Data section:
---------------

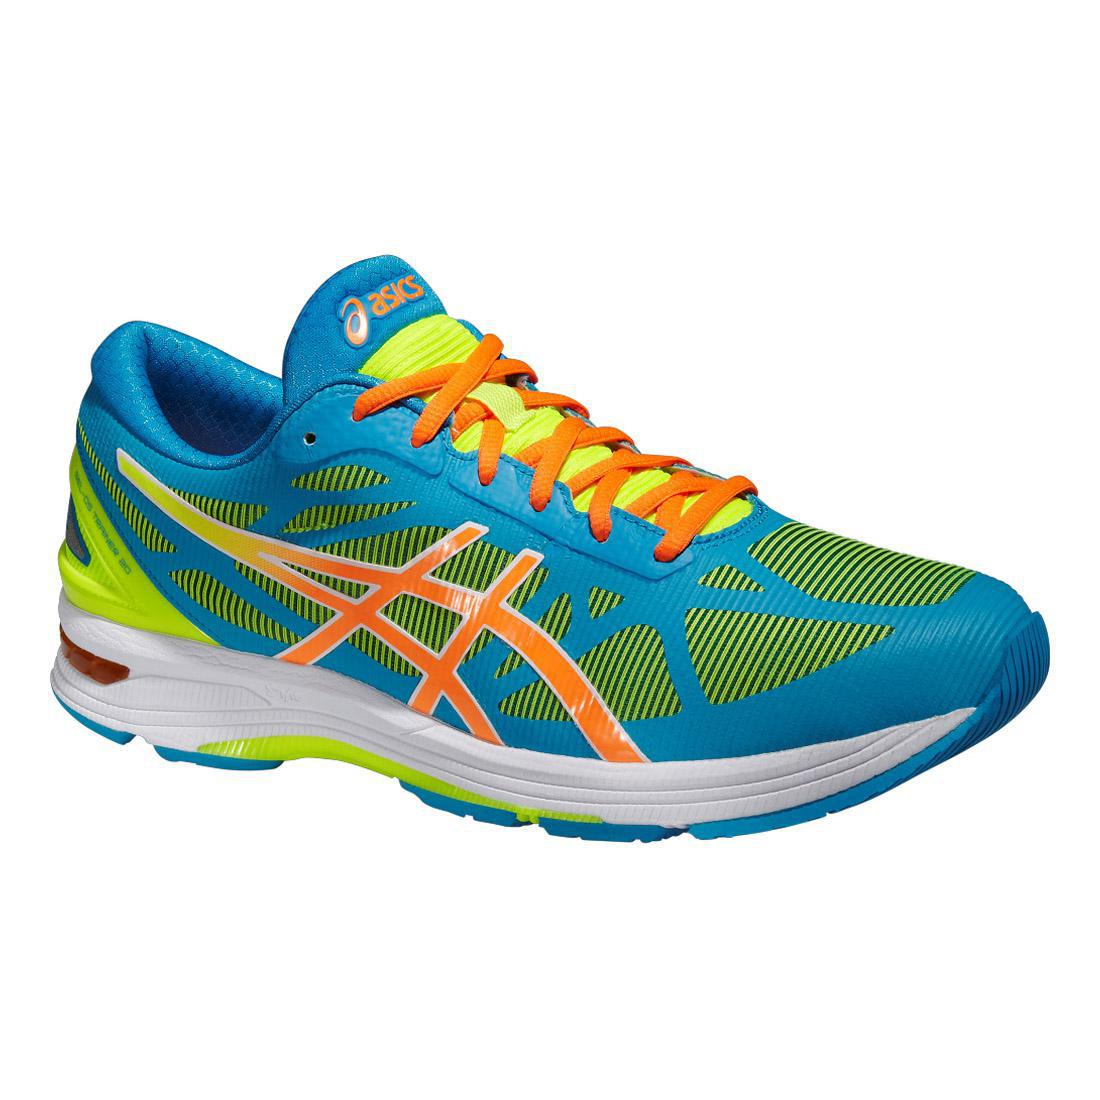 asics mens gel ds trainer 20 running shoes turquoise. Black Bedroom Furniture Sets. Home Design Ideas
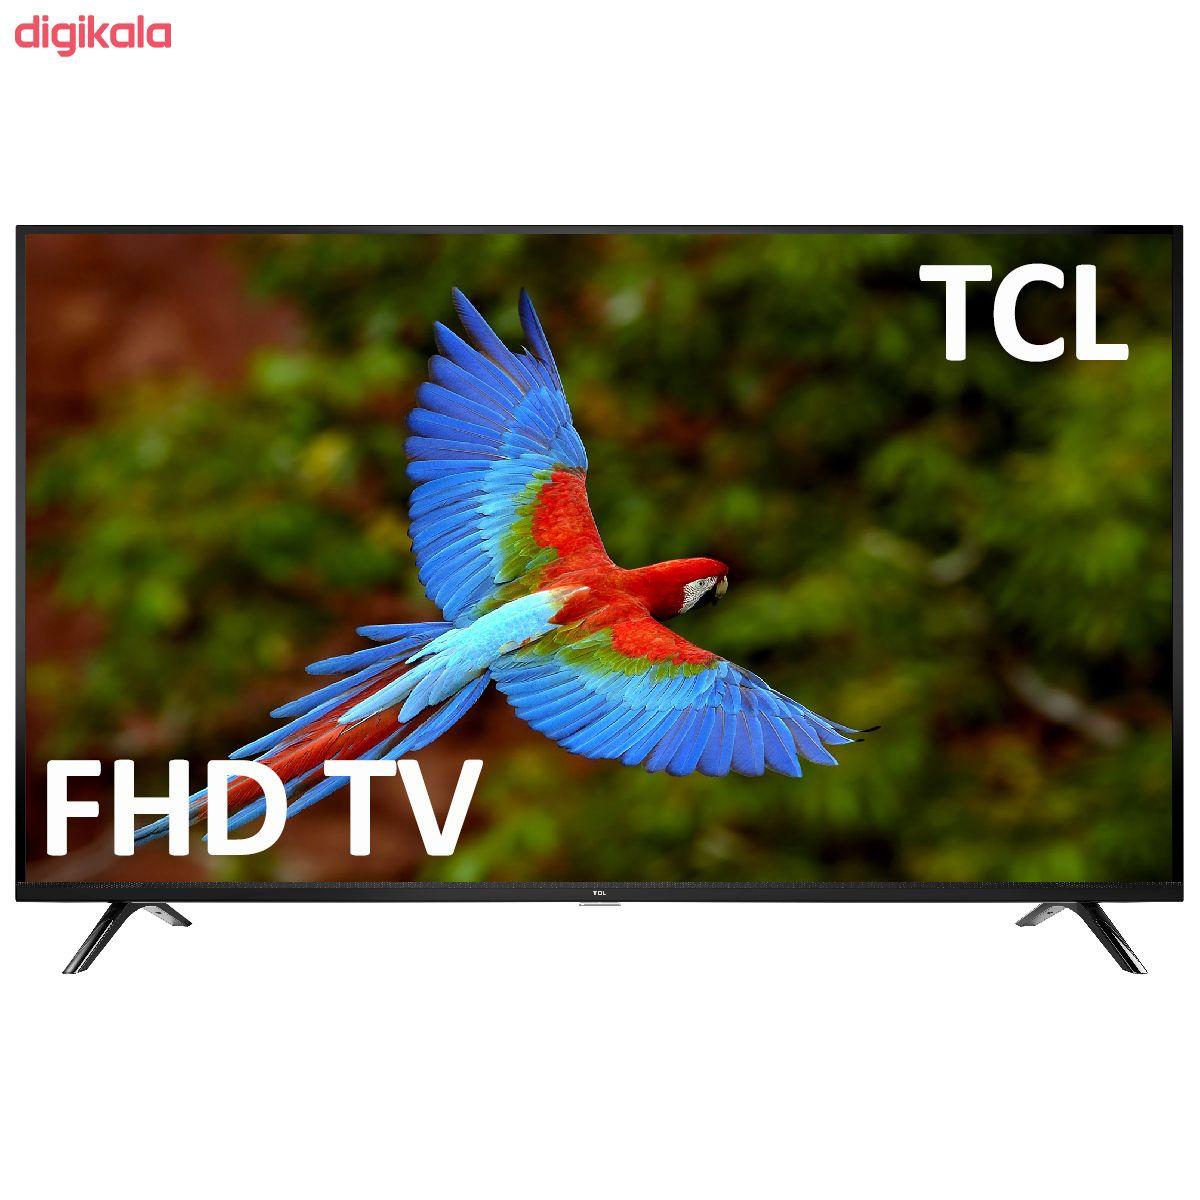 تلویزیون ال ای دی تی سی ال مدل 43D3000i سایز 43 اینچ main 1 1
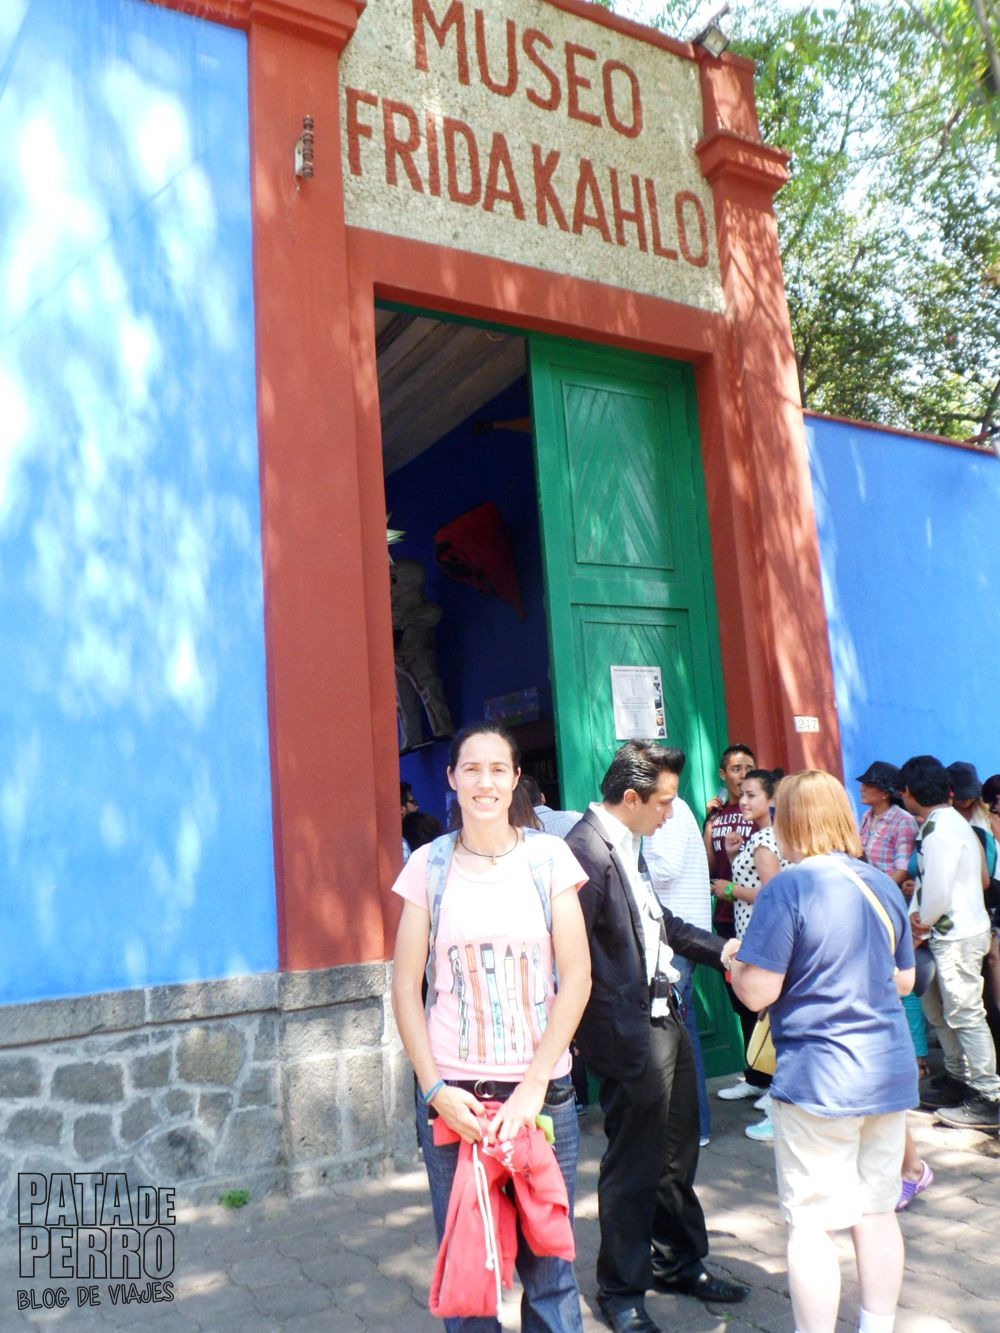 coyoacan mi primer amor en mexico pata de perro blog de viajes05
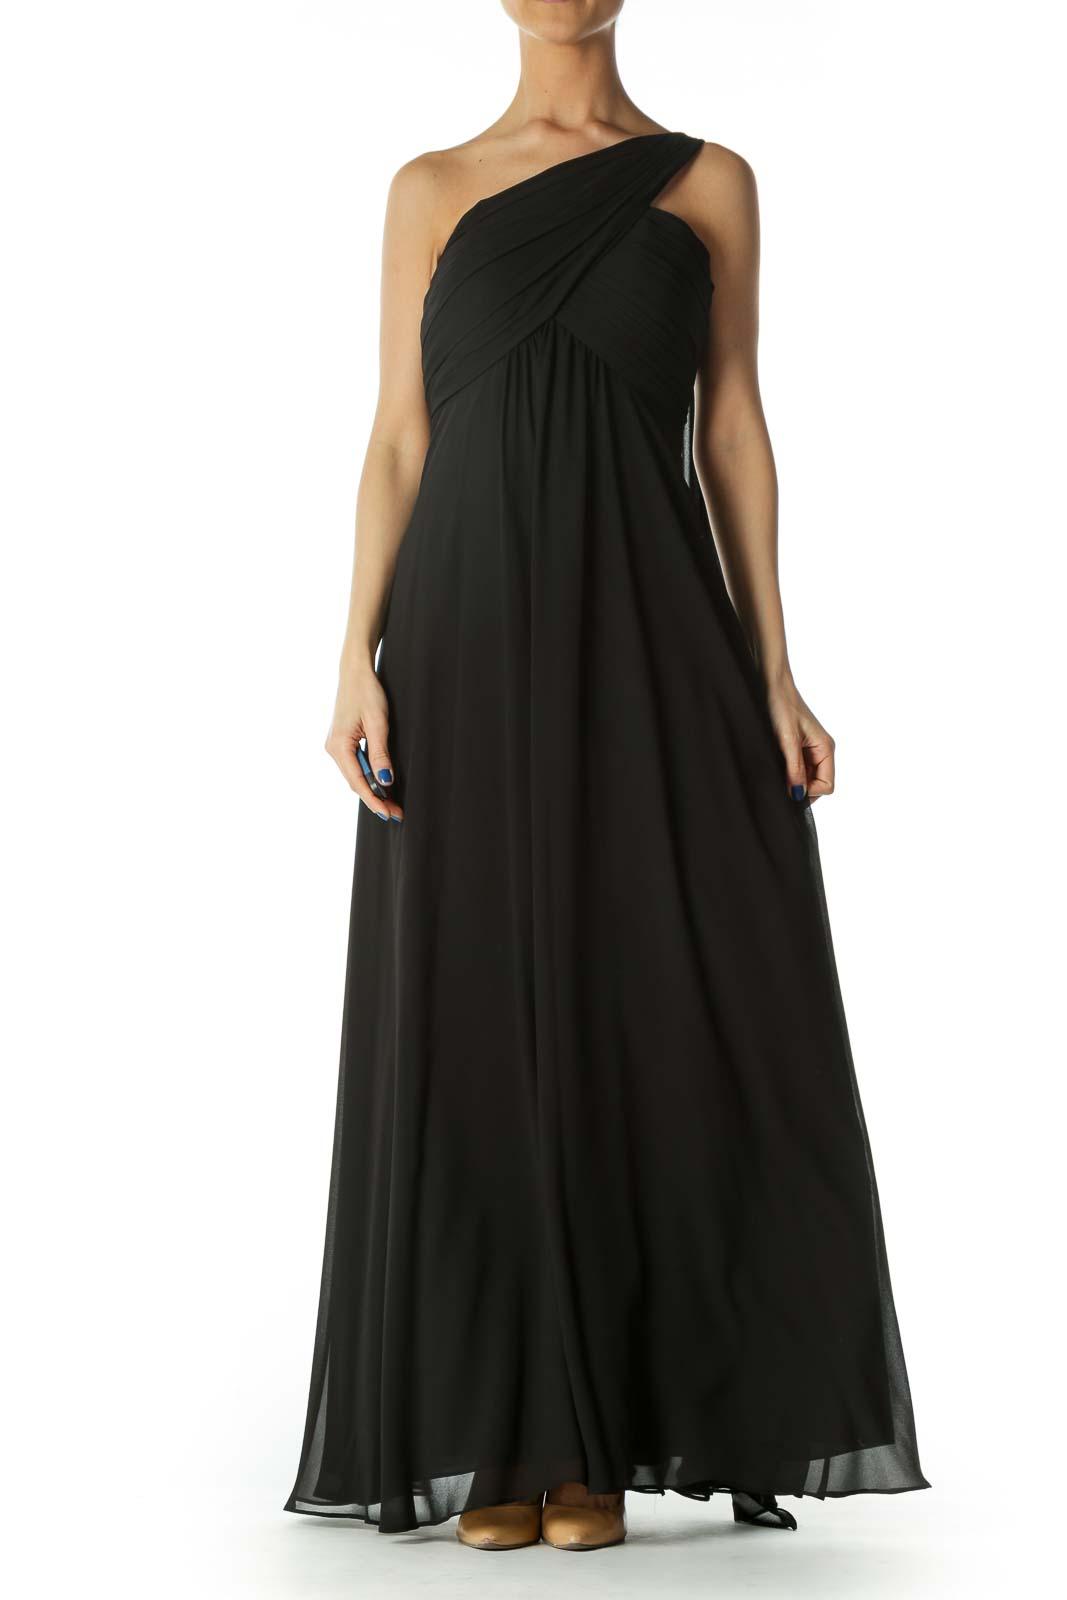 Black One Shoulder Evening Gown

---------------

Your assignment: None of the pictures should be reproduced; all other material above must be set down exactly.

Exercise output:
 asics mens gel ds trainer 20 running shoes turquoise. Black Bedroom Furniture Sets. Home Design Ideas
 تلویزیون ال ای دی تی سی ال مدل 43D3000i سایز 43 اینچ main 1 1
 coyoacan mi primer amor en mexico pata de perro blog de viajes05
 Black One Shoulder Evening Gown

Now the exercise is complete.